After some devtooling on Instagram’s public interface (the one you get to if you are not logged in). I quickly realized I’m too lazy to reverse engineer their API - someone else must’ve already done this. Two minutes later and I found this cool python package called “instaloader”¹ which lets me download Instagram content via a simple cli.

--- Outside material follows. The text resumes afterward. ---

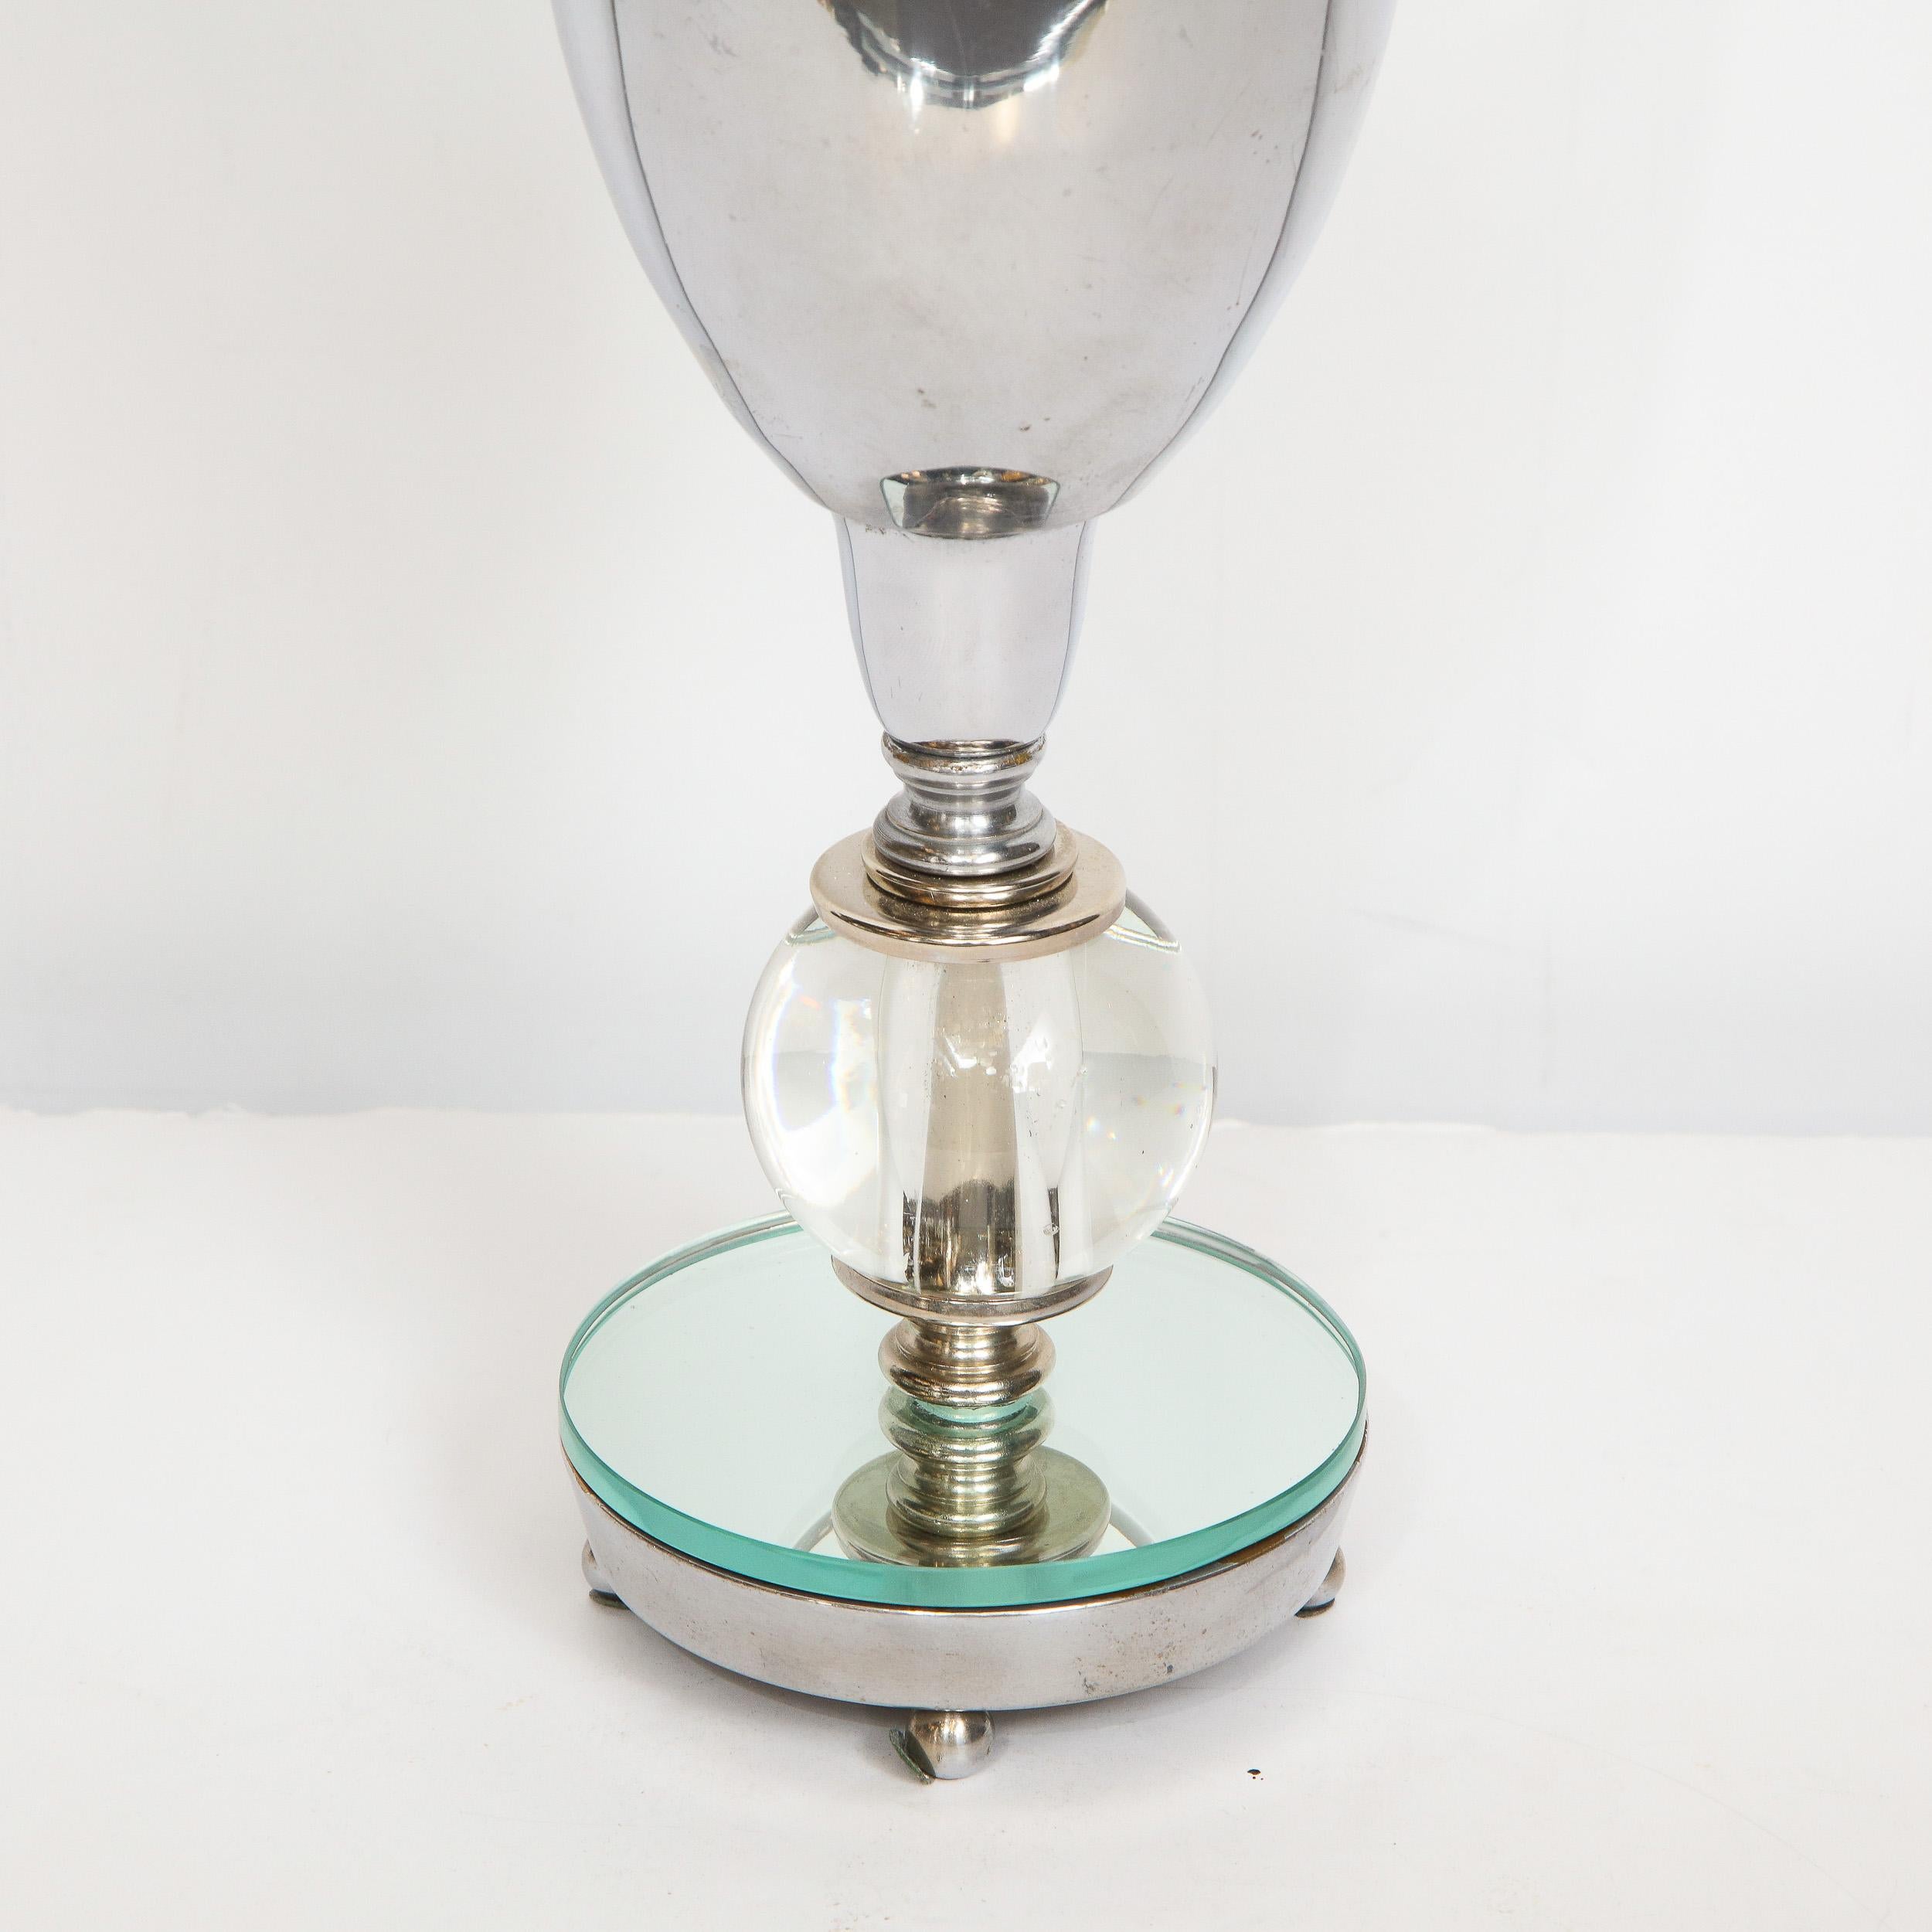 Ce luminaire Art déco glamour de l'ère de la machine a été réalisé aux États-Unis, vers 1935. Il est doté d'une base en chrome et en miroir reposant sur quatre pieds à boule. Le corps présente un ornement orbital translucide au centre, surmonté d'un

And thus my bash script was born:

#!/usr/bin/env bash
VIDEO_ID=$1
instaloader --dirname-pattern 'downloads/ig/{shortcode}' --filename-pattern='{typename}' -- -$VIDEO_ID

Transcribing

Yet again, I set off to find the optimal way to transcribe the videos. Most resources pointed towards BigAI™ selling their APIs. I did however find that I could self host OpenAI’s whisper model² using a C++ implementation called whisper.cpp³. This too had a nice cli that I could use in my bash script - I just had to first extract the audio and convert it to the correct encoding (16-bit WAV file). My script continues:

WHISPER=./whisper.cpp/build/bin/whisper-cli
WHISPER_MODEL=small

ffmpeg -n -i $VIDEO_FP -ar 16000 -ac 1 -c:a pcm_s16le $VIDEO_DIR/processed-audio.wav
$WHISPER -otxt -of $VIDEO_DIR/transcription -l swedish -f $VIDEO_DIR/processed-audio.wav -m whisper.cpp/models/ggml-$WHISPER_MODEL.bin
# Outputs a text file $VIDEO_DIR/transcription.txt with the transcribed content

Searching

Nice! We have our reel, we have an audio file, and we have a transcription of what was said. The only step that’s left is to find who said it, when and where. Easy!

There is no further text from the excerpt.